The Hickman Line is a go! It is such a strange thing. I have had two cuts made. One is where the dangly bits come out. The suregon was actually awesome so there is no chance that it's going to be showing at either ball! I will like a look normal 18 year old. I really wish I was normal.... Though this means that I had a room of people looking at me topless for well over an hour...
The other slit is on the right side of my body and its just above the "clavicle." I was actually so impressed, my year 11 PE came in handy today!! I know what a clavicle is!!! I felt pretty smart when I didn't need him to explain what it was.
It's painful but strangely not where the dangly bits hang out but on the other side but its ok if i restrict movement of my upper body, so I was thinking mum and dad, its a bit too hard for me to do chores at the moment...
My family have actually been awesome throughout all of this. My brother is a little miffed still at how he only got one day of glory over the fact he tore his median nerve and tendon in my hand as I got told that it was likely I had cancer the next day... So sorry, better luck next time bro.
My mum was waiting for me after my surgery. Once I had come to back from the general (sort of) they wheeled me to see her, she was sooo happy to see me!! But then they had to start checking the incisions and all of a sudden she feels nauseated. So of course, being my mother she jumps onto my bed and is suddenly the patient. The nurse is fretting over her wanting to take her blood pressure.
That's the thing for me, I have to laugh at all this. I think I have developed a really black sort of humor but this is necessary because otherwise the only other thing I could do is cry because life is so unfair.
As soon as it was announced that the Rugby World Cup was going to be in New Zealand and I realized I was going to be 18, I have dreamed about it! When the tickets came out Dad brought 2 tickets to every game so my brother and I could go to about half each. I am a born and bred kiwi. I love my rugby. After the last rugby world cup I was soo disappointed I could not bring myself to watch another game for months.
When I was watching the opening ceremony, originally I had planned on watching it with my friends in town. I had surgery today so I just watched it at home with my parents. As the opening ceremony was going on I realized I might not even be lucid enough to watch the final live on tv and I almost cried with the unfairness of it.
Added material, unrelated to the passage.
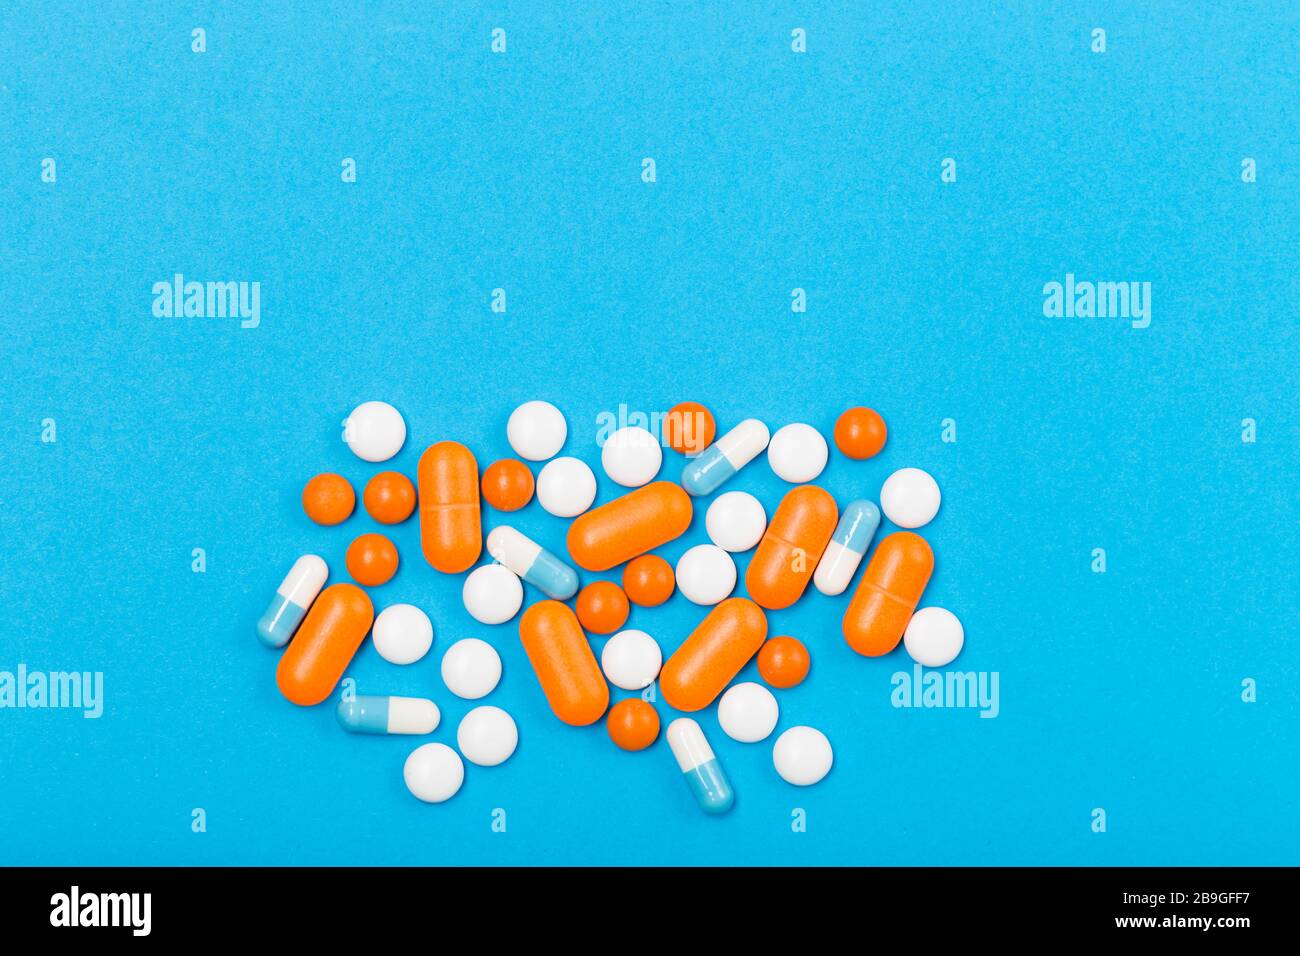 Assortiment de pilules, comprimés et capsules de médecine pharmaceutique sur fond bleu. Espace libre. Concept de santé. Banque D'Images

The thing you need to know about me is I don't cry. I have only cried twice because of this. Once was to my friend out of share frustration at the fact my parents would not tell me what was going on and the other time was to my dean.
My dean is one of the most amazing woman alive. She is strong and hilariously funny. All girls who have ever been in year 13 at QMC for the past years will understand. This woman is a living legend. She is wise, kind, understanding and listens to your point of view no matter what.
However, on the day I found out I decided to go back to school for the afternoon. As i was walking to Hobby (my common room) and I saw her and all the feelings racing round me resulted in tears leaking from my eyes without my permission. That was two weeks ago.
But I really hate this, I hate the fact I have to be strong. I hate that this is thrust on me. I have the unfairness of it.
So my wish list has now changed... I no longer wish for a perfect life. I wish for a normal one. Is that too much to ask?